I've noticed that every city has its own particular smell. Philly has a very different smell than New York City, though I vastly prefer the smell of New York. I especially love the smell of the subways, though it isn't in any way pleasant. Maybe it's just the memories associated with the city and subways that makes me so fond of it.
My apartment is nice. And so huge. I know it's over 600 square feet, though I don't know the exact number. I just wandered around, marveling at all the space that was just mine. All mine. There's a living room, which is 20 by 13 feet, a bedroom, which is 13 by 10 feet, a very small bathroom with some lovely yellow tile, and a small kitchen with a fridge, stove and sink. There are two very large walk in closets, one in the living room and one in the bedroom, a small pantry in the kitchen, and one outside the bathroom. I'm on the second floor. The carpets are a light beige, the walls white.
I am absolutely in love.
The other bit of good news is that I interviewed for a job at the new Barnes and Noble up on 309 in Montgomeryville. It's about a 20 minute drive from where I'll live. I can't tell you how much I'm hoping for this job to pan out, because it's been my dream to work in a giant bookstore. Plus the hours are flexible, the starting pay is excellent, and the employee discounts are out of this world. 30% off books, 20% off music, and 50% on all food and coffee in the cafe. God Damn.

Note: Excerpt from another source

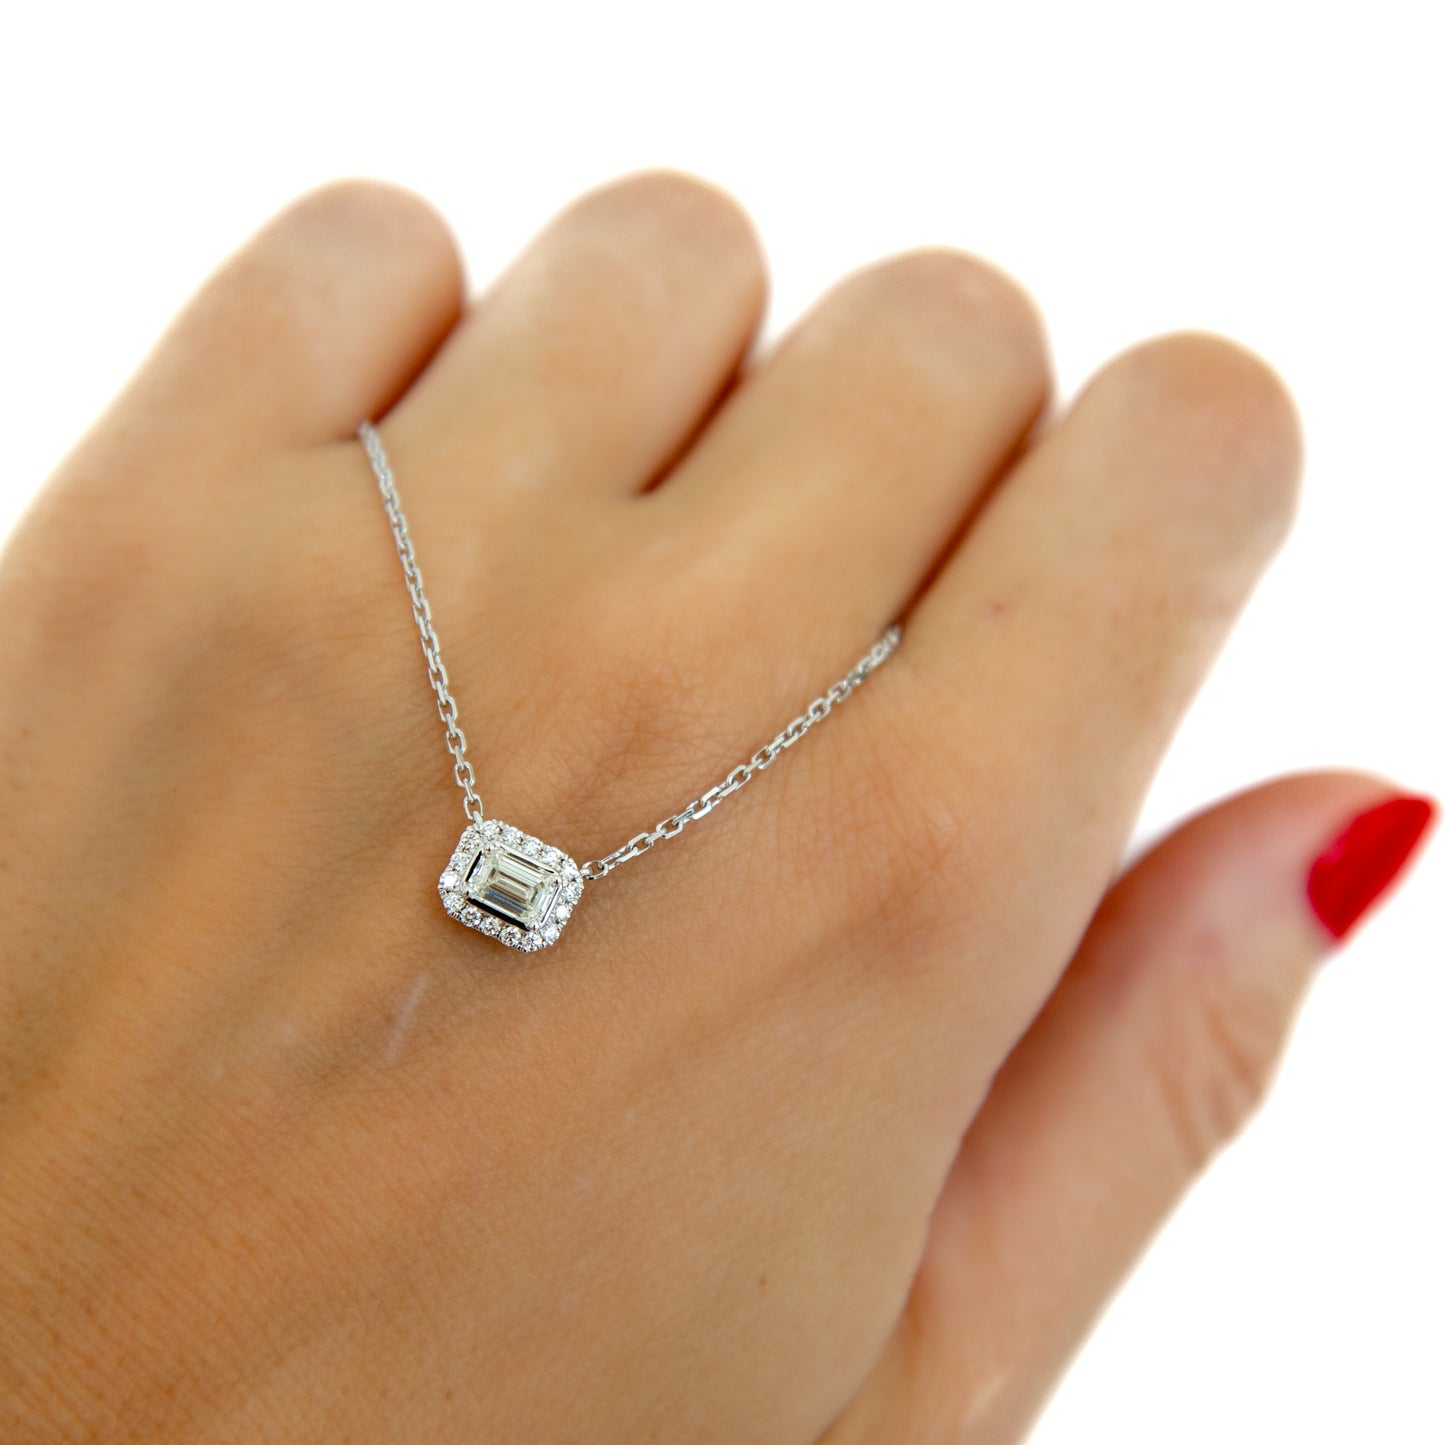 Emerald cut diamond and halo necklace in White Gold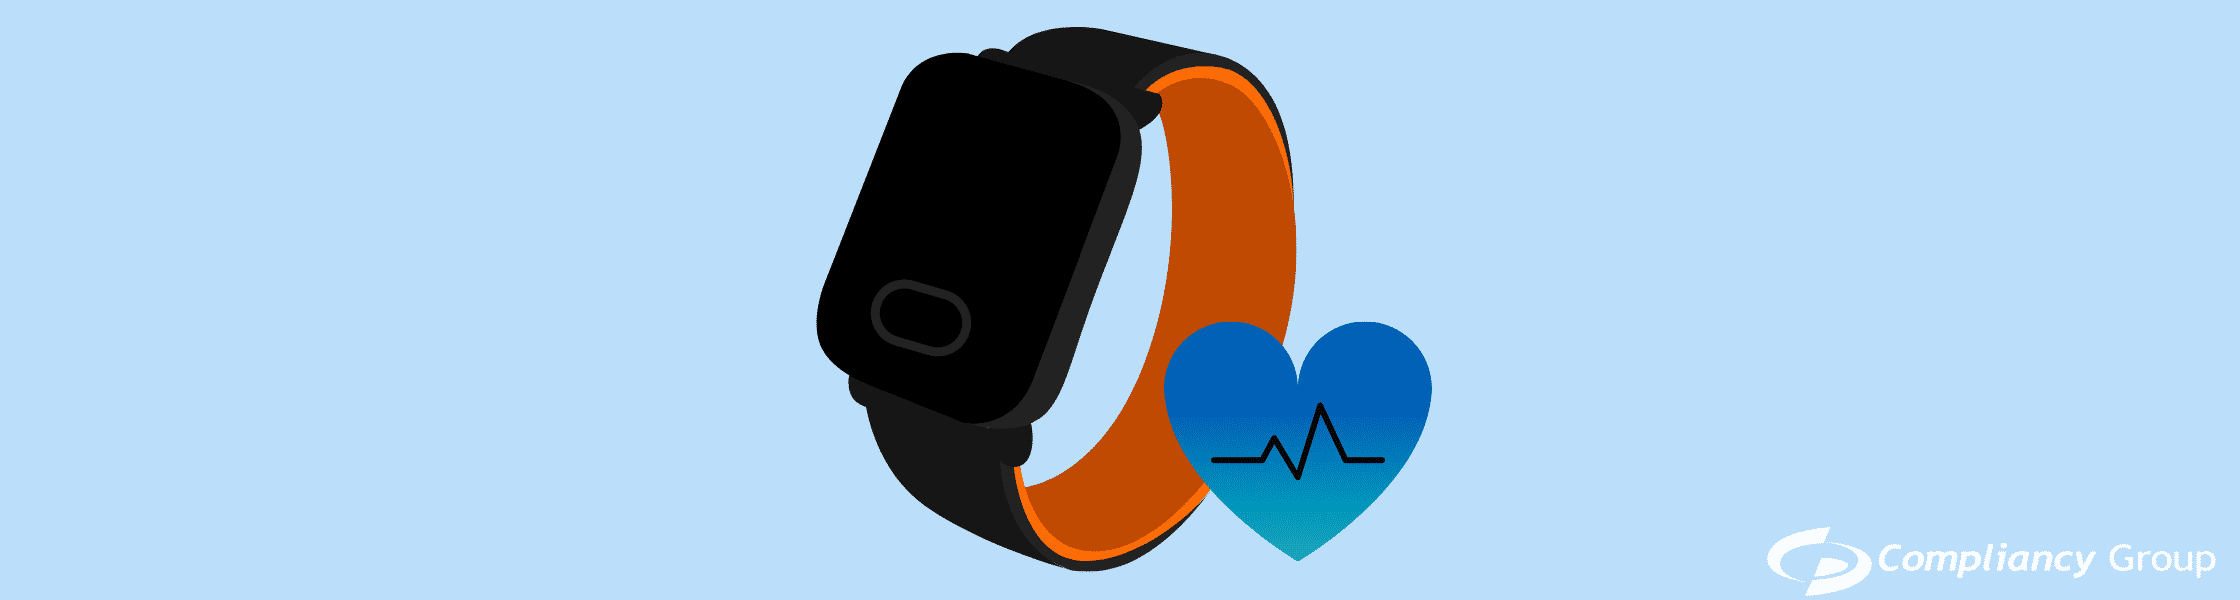 Wearable HIPAA Security Concerns Grow for mHealth Apps & Devices

I think the interview went well, though. The manager was a very nice woman, and I managed to not have any of those blank out moments that I've had at other interviews. You know, those moments where you've said all you wanted or had to say, the interviewer is clearly expecting something more, and you rack your brain and come up with nothing, trailing off into silence, or at best, repeat what you already said, sounding like an idiot. I've had lots of those. But I was smooth, I was slick, and I managed not to bash the job from hell I am currently holding.
So I'm looking forward to starting my new life and new school year in Philadelphia. Trying not to be too overwhelmed by the prospect of living alone. Trying not to be worried about money, or school, or _________, _________ and _________ (fill in the blank, the other ones I can't think of right now).